◆ PROBLEM DESCRIPTION: Return all records exactly. Nothing may be added.

◆ DATA SUPPLIED:

--- START ---

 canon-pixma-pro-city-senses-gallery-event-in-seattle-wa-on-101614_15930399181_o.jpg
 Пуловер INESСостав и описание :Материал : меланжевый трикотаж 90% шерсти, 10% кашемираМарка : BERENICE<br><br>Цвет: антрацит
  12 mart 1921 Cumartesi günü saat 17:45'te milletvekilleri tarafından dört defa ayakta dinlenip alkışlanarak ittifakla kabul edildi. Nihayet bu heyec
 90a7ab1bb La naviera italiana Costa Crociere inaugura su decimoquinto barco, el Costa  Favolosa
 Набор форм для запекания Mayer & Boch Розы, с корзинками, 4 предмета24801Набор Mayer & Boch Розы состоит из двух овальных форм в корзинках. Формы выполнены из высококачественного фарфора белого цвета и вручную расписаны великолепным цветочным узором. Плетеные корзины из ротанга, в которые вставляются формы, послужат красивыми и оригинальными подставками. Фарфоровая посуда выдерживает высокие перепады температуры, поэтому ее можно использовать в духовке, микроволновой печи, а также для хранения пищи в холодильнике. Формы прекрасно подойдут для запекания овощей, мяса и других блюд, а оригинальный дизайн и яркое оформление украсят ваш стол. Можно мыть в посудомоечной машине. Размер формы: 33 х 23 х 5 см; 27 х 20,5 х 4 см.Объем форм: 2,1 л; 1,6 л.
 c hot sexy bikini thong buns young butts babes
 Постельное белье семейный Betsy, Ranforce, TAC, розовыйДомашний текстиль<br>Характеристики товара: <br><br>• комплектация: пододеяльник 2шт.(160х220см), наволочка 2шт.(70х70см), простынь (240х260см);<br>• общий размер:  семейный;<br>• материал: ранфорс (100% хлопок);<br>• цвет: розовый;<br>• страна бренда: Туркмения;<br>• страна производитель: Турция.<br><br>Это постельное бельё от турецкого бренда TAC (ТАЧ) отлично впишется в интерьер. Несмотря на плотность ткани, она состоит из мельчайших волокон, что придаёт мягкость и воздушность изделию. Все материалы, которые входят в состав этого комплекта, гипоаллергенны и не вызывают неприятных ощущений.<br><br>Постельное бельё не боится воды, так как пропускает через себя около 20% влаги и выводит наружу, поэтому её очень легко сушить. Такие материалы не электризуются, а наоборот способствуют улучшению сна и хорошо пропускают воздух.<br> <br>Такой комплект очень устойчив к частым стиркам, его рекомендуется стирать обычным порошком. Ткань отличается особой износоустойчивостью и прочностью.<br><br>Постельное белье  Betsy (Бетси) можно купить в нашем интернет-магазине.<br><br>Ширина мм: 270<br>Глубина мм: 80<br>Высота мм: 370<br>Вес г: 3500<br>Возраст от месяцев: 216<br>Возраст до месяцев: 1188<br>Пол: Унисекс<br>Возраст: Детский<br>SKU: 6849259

--- END ---

◆ OUTPUT OF THE EXERCISE:
 canon-pixma-pro-city-senses-gallery-event-in-seattle-wa-on-101614_15930399181_o.jpg
 Пуловер INESСостав и описание :Материал : меланжевый трикотаж 90% шерсти, 10% кашемираМарка : BERENICE<br><br>Цвет: антрацит
  12 mart 1921 Cumartesi günü saat 17:45'te milletvekilleri tarafından dört defa ayakta dinlenip alkışlanarak ittifakla kabul edildi. Nihayet bu heyec
 90a7ab1bb La naviera italiana Costa Crociere inaugura su decimoquinto barco, el Costa  Favolosa
 Набор форм для запекания Mayer & Boch Розы, с корзинками, 4 предмета24801Набор Mayer & Boch Розы состоит из двух овальных форм в корзинках. Формы выполнены из высококачественного фарфора белого цвета и вручную расписаны великолепным цветочным узором. Плетеные корзины из ротанга, в которые вставляются формы, послужат красивыми и оригинальными подставками. Фарфоровая посуда выдерживает высокие перепады температуры, поэтому ее можно использовать в духовке, микроволновой печи, а также для хранения пищи в холодильнике. Формы прекрасно подойдут для запекания овощей, мяса и других блюд, а оригинальный дизайн и яркое оформление украсят ваш стол. Можно мыть в посудомоечной машине. Размер формы: 33 х 23 х 5 см; 27 х 20,5 х 4 см.Объем форм: 2,1 л; 1,6 л.
 c hot sexy bikini thong buns young butts babes
 Постельное белье семейный Betsy, Ranforce, TAC, розовыйДомашний текстиль<br>Характеристики товара: <br><br>• комплектация: пододеяльник 2шт.(160х220см), наволочка 2шт.(70х70см), простынь (240х260см);<br>• общий размер:  семейный;<br>• материал: ранфорс (100% хлопок);<br>• цвет: розовый;<br>• страна бренда: Туркмения;<br>• страна производитель: Турция.<br><br>Это постельное бельё от турецкого бренда TAC (ТАЧ) отлично впишется в интерьер. Несмотря на плотность ткани, она состоит из мельчайших волокон, что придаёт мягкость и воздушность изделию. Все материалы, которые входят в состав этого комплекта, гипоаллергенны и не вызывают неприятных ощущений.<br><br>Постельное бельё не боится воды, так как пропускает через себя около 20% влаги и выводит наружу, поэтому её очень легко сушить. Такие материалы не электризуются, а наоборот способствуют улучшению сна и хорошо пропускают воздух.<br> <br>Такой комплект очень устойчив к частым стиркам, его рекомендуется стирать обычным порошком. Ткань отличается особой износоустойчивостью и прочностью.<br><br>Постельное белье  Betsy (Бетси) можно купить в нашем интернет-магазине.<br><br>Ширина мм: 270<br>Глубина мм: 80<br>Высота мм: 370<br>Вес г: 3500<br>Возраст от месяцев: 216<br>Возраст до месяцев: 1188<br>Пол: Унисекс<br>Возраст: Детский<br>SKU: 6849259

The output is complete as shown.